This project's goal is to give each family member and myself just 10 minutes of unconditional positive regard every day. All attention is focused on the other person for those 10 minutes and only positive comments or thoughts are allowed. Just 10 minutes often becomes much more. Try it and see. You'll find the Just 10 guidelines on the right side of this blog.







Saturday, April 16, 2011

The Sweet Bird of Youth


This was me in the summer of 1984.  I was 26.  Ah, sweet youth.  Sometimes, I really miss you.

There are a lot of negative things about aging.  Your skin distorts and you start looking more like a lizard or reptile than a human.  Chicken neck begins to rear its ugly head.  You develop wrinkles in places you never expected.  You look into a mirror and the person that looks back at you is so much older than you believe yourself to be.

You can no longer pull an all-nighter without some serious consequences that are about as close to brain damage as you want to get.  You learn how to fall asleep sitting up while watching TV.  More foods disagree with you.  You find reasons not to stoop down or pick things up off the floor.  Birthdays can actually be depressing.  You wonder,  how can you still think your young on the inside when the outside packaging is screaming middle-aged or senior citizen. 

When AARP started mailing me junk mail, I was offended.  I'm not ready for this stage of life.  I'm too young for this.  I don't know who that person in the mirror is but they are way older than me. 
"Slow down, time!  You've got the devil on your back."

The days start to flash by with a wild ferocity.  This can't be happening.  I'll wake up and I'll be 26 again.  The world will be new and fresh.  Life will lay before me, a pretty ribbon of opportunity.  I'll have so many options.  I'll dance until dawn.  I'll reach for the moon and when I fall short, I'll simply try again.  There will be enough time to do it all, be all, see all. 

But this is not a dream.  In the morning, the face in the mirror reminds you how quickly things pass.  The mirror's image looks as you with sad, knowing eyes,
"Seize the day" it says.
"Time passes so quickly.  Time has its limits and so do you.  Accept.  Enjoy.  Don't waste a moment."

It's easy to get lost in the details of the day.  Seizing the day, is often forgotten.  It is harder for the older mind to hold onto anything for too long.  It's easier to forget, to lose track.  This proves to be a mixed blessing.  Sweating the details, worrying over the unimportant is much harder when the mind keeps losing track.
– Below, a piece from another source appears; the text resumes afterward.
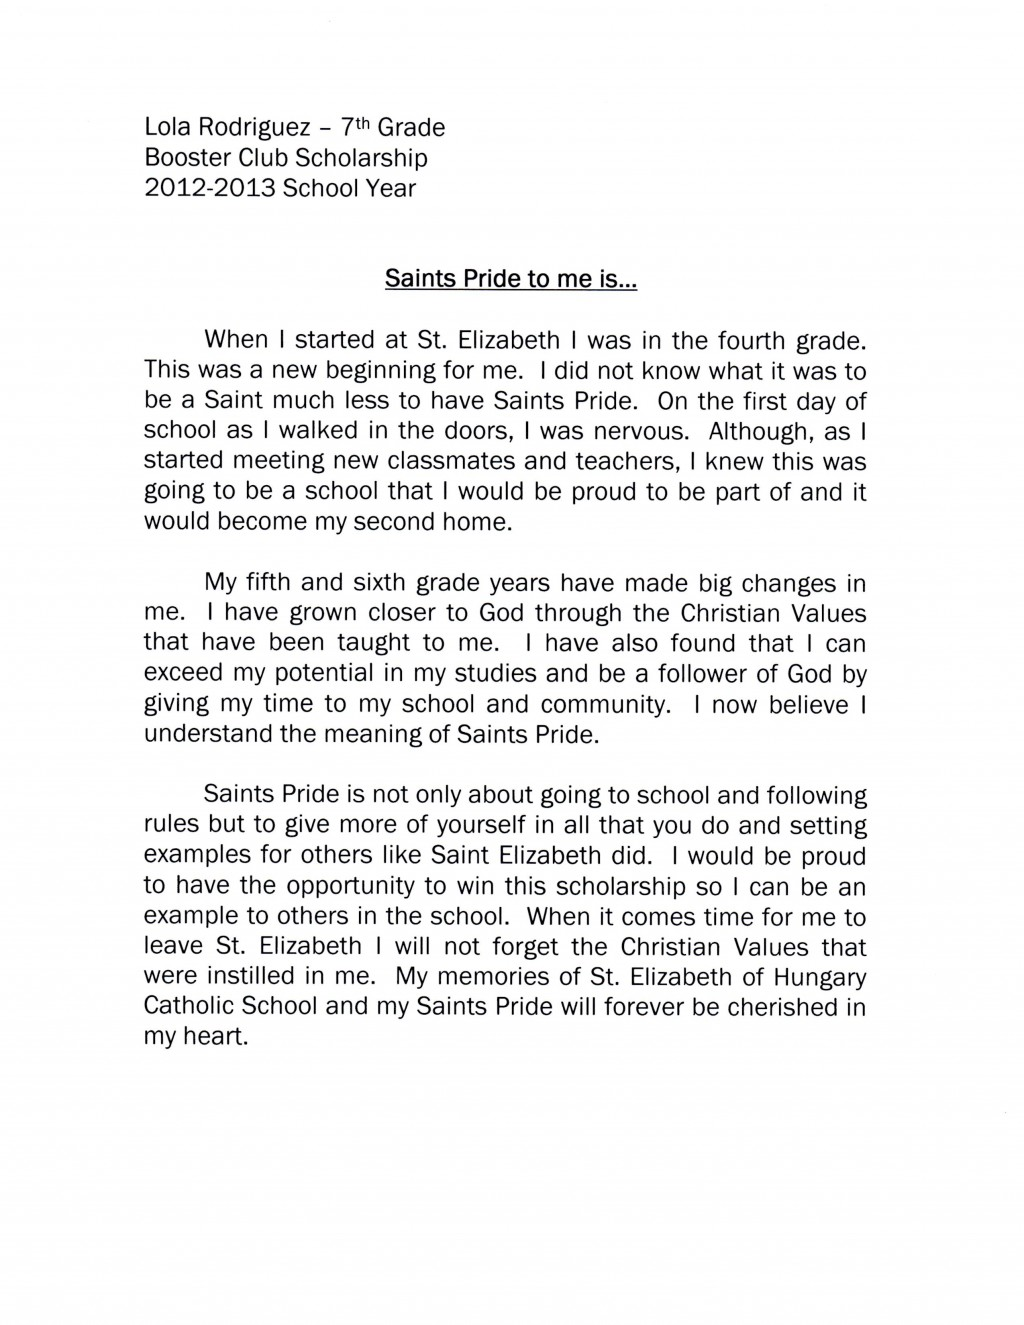 013 Format Scholarship Essay Example Lola Sensational Sample College Essays For Writing Large

There are just too many other more important things taking up the space between the neurons.  Forgetting does have an upside.

There are other benefits that are more valuable.  We trade our youth for a greater perspective.  Things that we once thought so important are no longer a concern.  Simple things take on greater significance.  It takes less to make me happy.  I am so much more tolerant than I ever was when young.    I can sit and enjoy the antics of youth, full of gratitude for the gift of a larger perspective all the while enjoying the enthusiasm and intensity of the young.

As a child and young adult, I was so shy and afraid of what others might think.  Age has given me a great gift.  I often completely lose my self-consciousness.  I am more at peace with who I am, flaws and all than I ever was when young.  "When I am old, I shall wear purple". . . and it won't bother me that others might stare.  I won't care.

When I was young, I had my youth.  There were more options because I had more time to waste.  Now, time is at a premium and it gets more precious each day.   Now,  I scan the news paper obituaries like my parents did before me.  Death seems to come so early for so many.  How far is it away from me?  

Despite the wrinkles and the scary old woman that stares back at me from the mirror, the best gift age has given me is a greater satisfaction with self than I would have dreamed possible when young. I know that the details of my present life make this seem very ironic but it's still true. As much as I sometimes long for the energy of youth, as much as I sometimes long to have the ribbon of opportunity unfurl before me in a seemingly endless line, the gifts of middle-age have been worth the sacrifice of youth.    Life beckons,  I'm burning daylight.